1.2.1 Access Nimbix cloud

  • Follow the user guide Vitis On Nimbix to login to your Nimbix account

  • Launch application “Xilinx Vitis Unified Software Platform 2020.1” and select “Desktop Mode with FPGA”

  • Choose machine type “16 core, 128 GB RAM, Xilinx Alveo U250 FPGA (nx6u_xdma_201830_2_2_3)”

  • Copy the L3/bencharks/gemm directory to the Nimbix machine, and navigate to the gemm/gemm_mkl directory

  • Follow the steps below to run Intel® MKL GEMM APIsbenchmarks.

Note

FPGA is not required in Intel® Math Kernel Library but will be used in Xilinx’s Vitis BLAS library.

1.2.2 Install Intel® MK library

To install MKL on Nimbix, please download the full installation package for MKL2020 from Intel® MKL Webste. You need to register for downloading the package. After you have downloaded the package, please unzip it and navigate to the directory includeing “install.sh”. Please enter the following command to install the MKL package.

sudo ./install.sh

1.2.3 Set up MKL environment variables

Intel® MKL: Assume you have installed Intel® MKL, run the appropriate script to set up the environment variables (such as $MKLROOT).

source <INTEL_MKL_INSTALL_DIR>/bin/mklvars.sh intel64

1.2.4 Install numactl

NUMACTL: The linux operating system provides a function, called numactl, that allows the control of scheduling or memory placement policy, which is essential to run parallel programs.

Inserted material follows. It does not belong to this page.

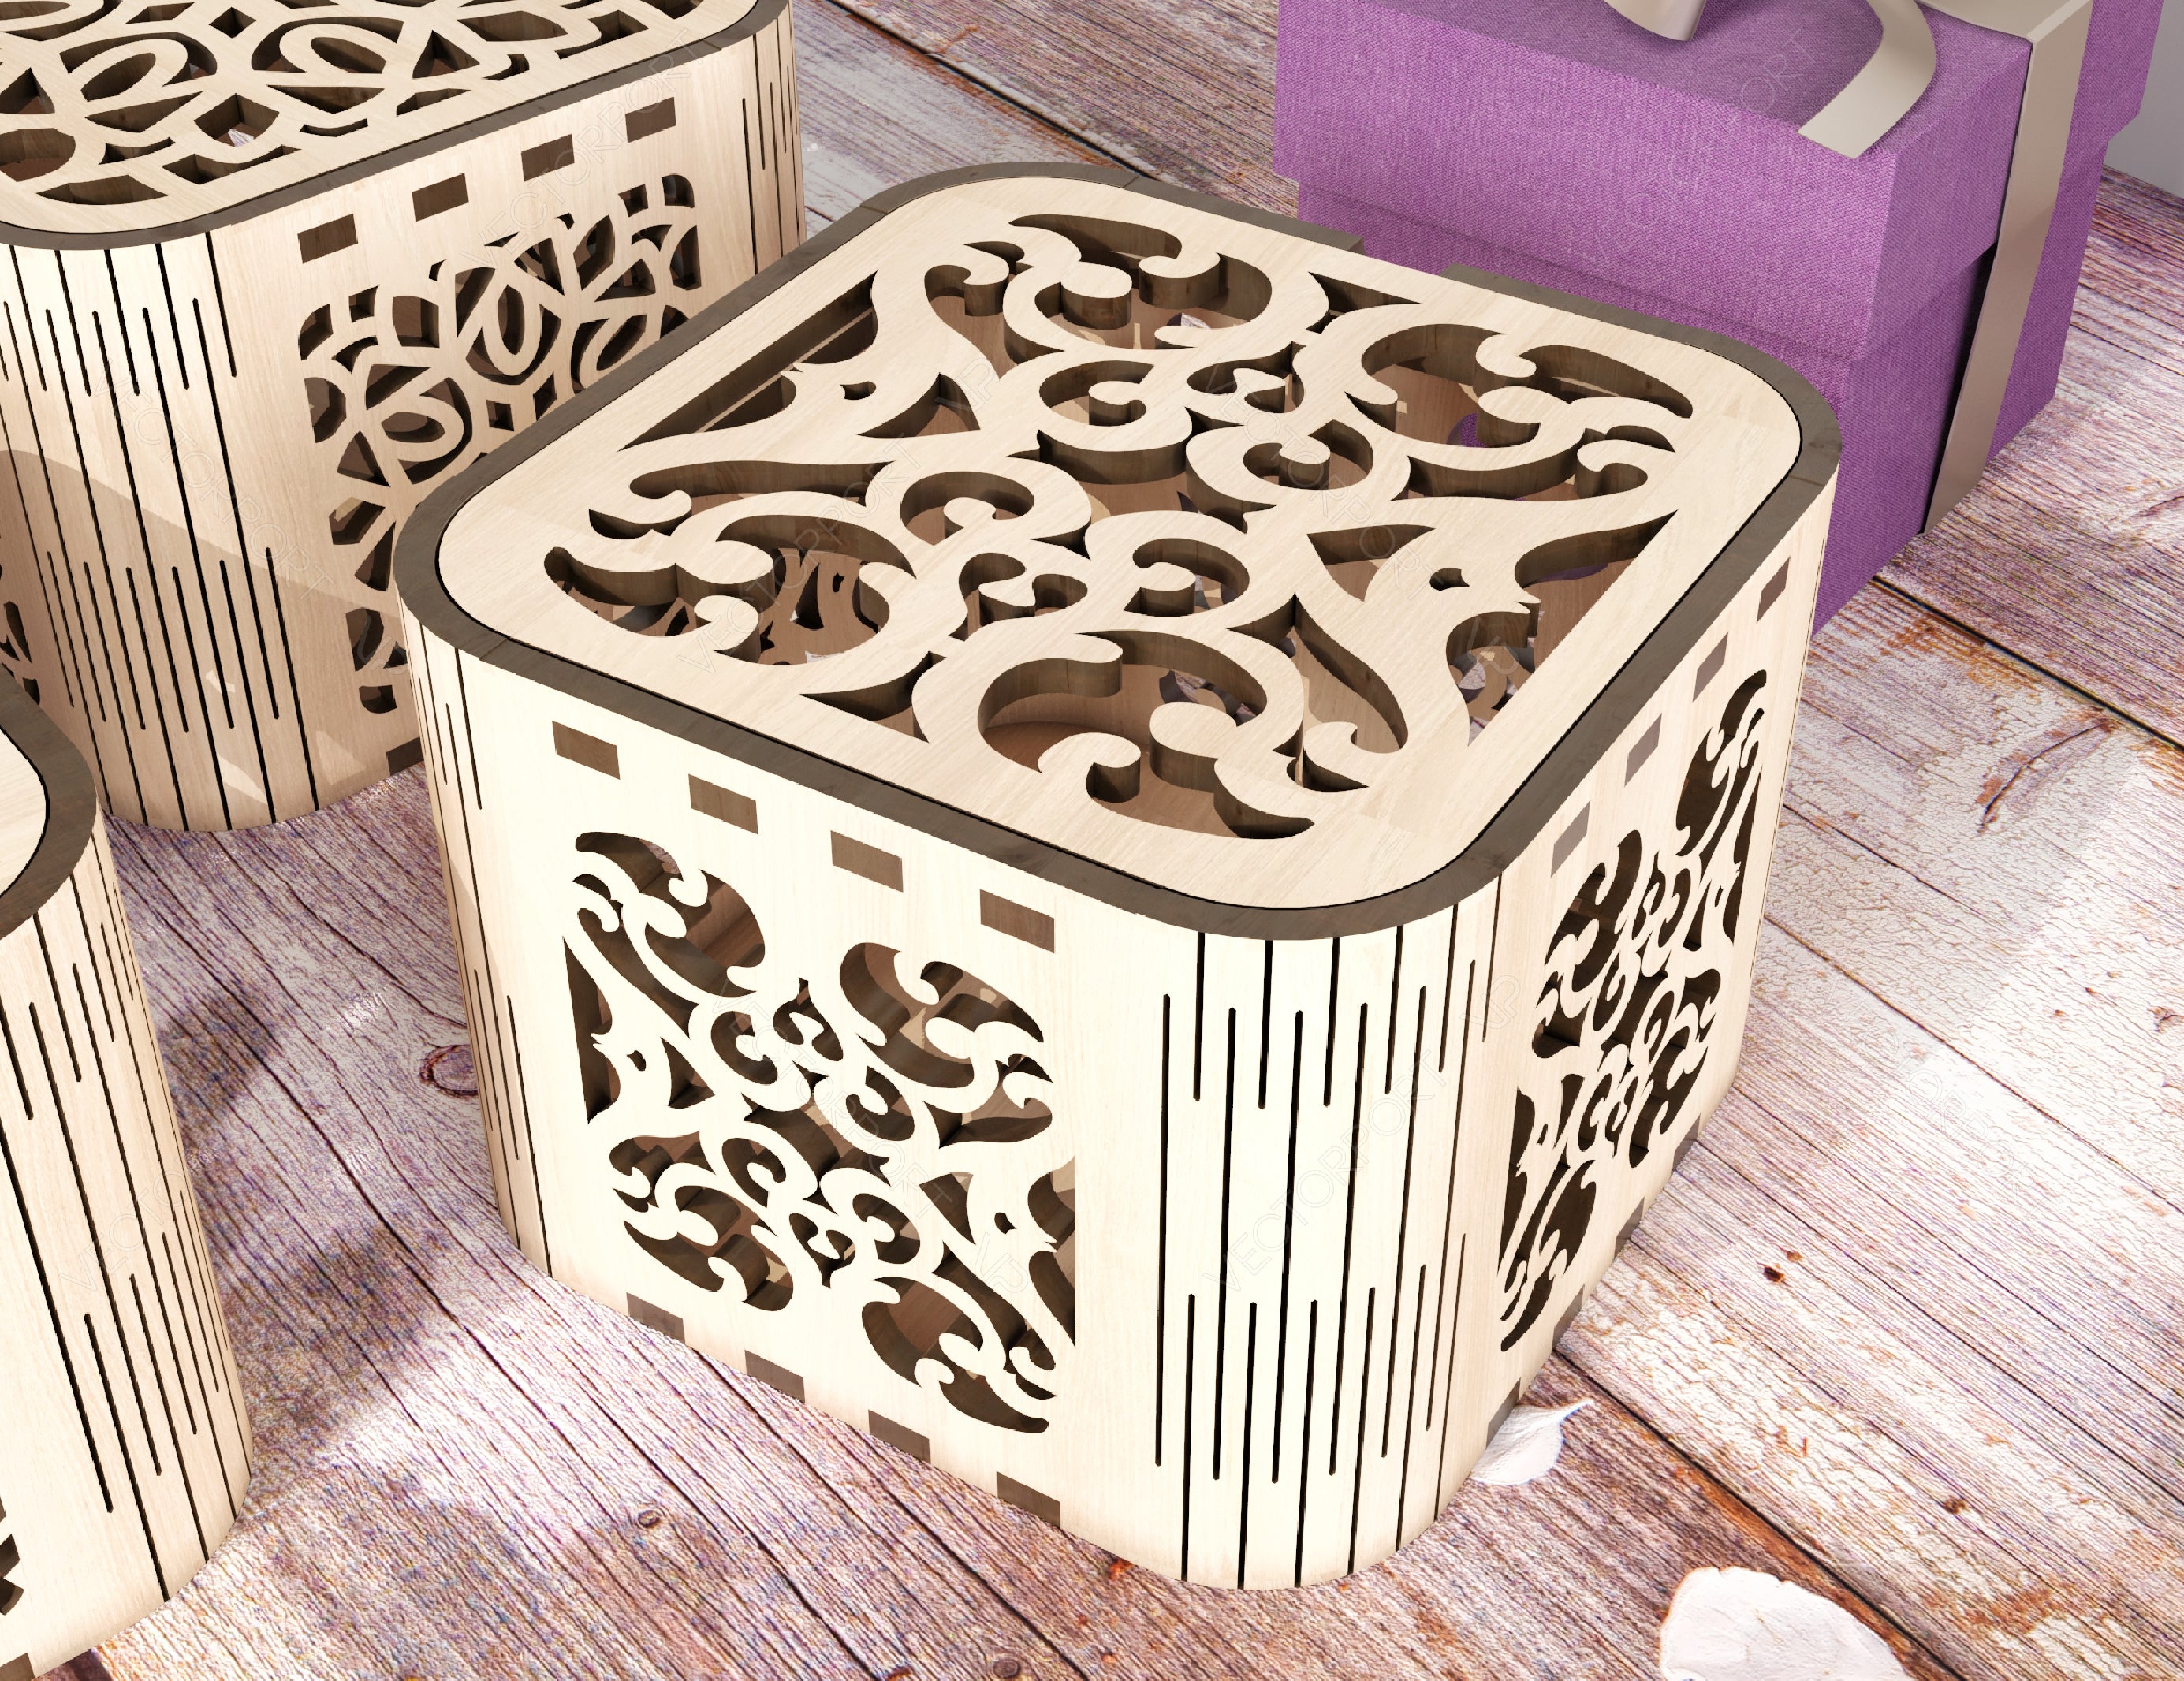 Floral Design Decorative Wooden Gift box laser cut jeweler case Wedding Love vector model Glowforge cut file |#U140|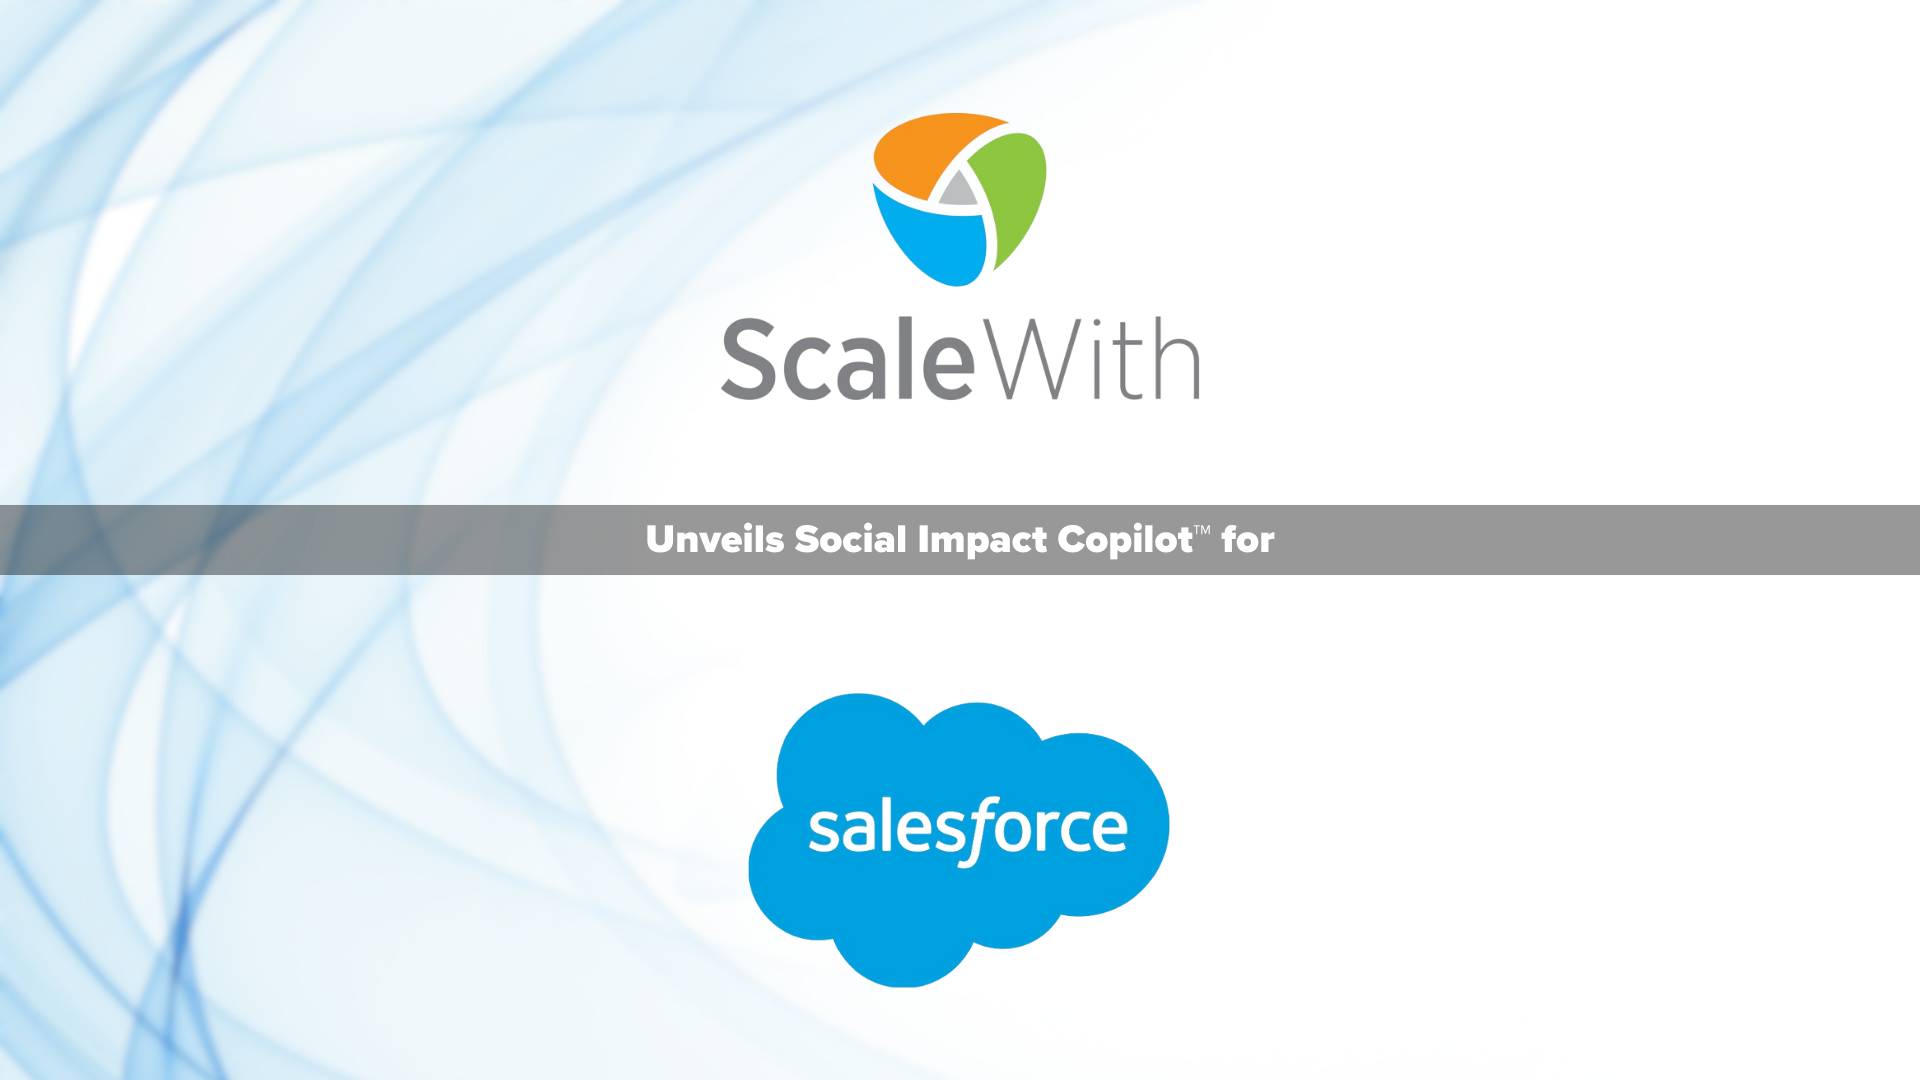 ScaleWith Unveils Social Impact Copilot™ for Salesforce

For Ubuntu (you only need to do it once),

sudo apt-get install numactl

1.2.5 Run MKL benchmarking script

The run-script runs the GEMM benchmark with a number of threads, data type, and work mode. Then, it will explore the GEMM’s matrix size from 256 to 16384.

./run_gemm_mkl.sh <thread#> <data_type> <mode>

where:

  • thread#: Number of threads to run, e.g. 1, 2, 4, 8, 16, etc.

  • data_type: Either float or double.

  • mode: g for generating the data, b for benchmarking the performance, and a for both workloads.

1.3 Performance Result on Nimbix Cloud

Configuration:

cpu_model

Intel(R) Xeon(R) CPU E5-2640 v3 @ 2.60GHz

thread#

16

data_type

float

benchmark command

./run_gemm_mkl.sh 16 float a

Performance Result (nonCaching):

Square Matrix Size

matrix paris running simultaneously

Cache (Y/N)

API time(ms)

TFlops/sec

256

1

N

29.700

0.001

512

1

N

11.799

0.023

1024

1

N

16.591

0.129

2048

1

N

41.319

0.416

4096

1

N

172.369

0.797

8192

1

N

1073.250

1.024

16384

1

N

9060.830

0.971

Performance Result (Caching):

Square Matrix Size

matrix paris running simultaneously

Cache (Y/N)

API time(ms)

TFlops/sec

256

1

Y

1.380

0.024

512

1

Y

4.038

0.066

1024

1

Y

4.383

0.490

2048

1

Y

21.282

0.807

4096

1

Y

149.755

0.918

8192

1

Y

1042.860

1.054

16384

1

Y

9045.700

0.972

2. Benchmarking xfblasGemm - Xilinx’s Vitis BLAS library

Before benchmarking xfblashGemm, please run the following command to build hw xclbin

make build TARGET=hw PLATFORM_REPO_PATHS=LOCAL_PLATFORM_PATH

2.1 Benchmarking Steps

2.1.1 Generate test inputs and golden reference

Follow the MKL_benchmark steps to run MKL benchmarks to generate test inputs and golden reference. To generate test inputs and golden reference for float data type, please run the following command.

./run_gemm_mkl.sh 16 float a

2.1.2 Build benchmark application

Before benchmark the xfblasGemm, please build the host executable for the corresponding .xclbin files via following script

./build_gemm_bench.sh config_info_file

2.1.3 Run benchmark

The run-script runs the GEMM benchmark with xclbin and cfg files. It will explore the GEMM’s matrix size from 256 to 8192.

./run_gemm_benchmark.sh xclbin_file config_info_file

where:

  • xclbin_file refers to the blas.xclbin file, including the path.

  • config_info_file refers to config_info.dat file, including the path.

2.2 Performance Results on Nimbix Cloud

Configuration:

fpga_model

Xilinx Alveo U250 FPGA

Frequency

242 Mhz

data_type

float

build command

./build_gemm_bench.sh config_info.dat

benchmark command

./run_gemm_bench.sh blas.xclbin config_info.dat

Performance Result:

Square Matrix Size

matrix paris running simultaneously

API time(ms)

TFlops/sec

256

4

2.348

0.057

512

4

6.422

0.167

1024

4

33.366

0.257

2048

4

217.949

0.316

4096

4

1595.487

0.344

8192

4

12587.950

0.349

Please notice that we used OpenMP library for multi-kernel support in host side, so for smaller sizes, total API times include OpenMP initialization time.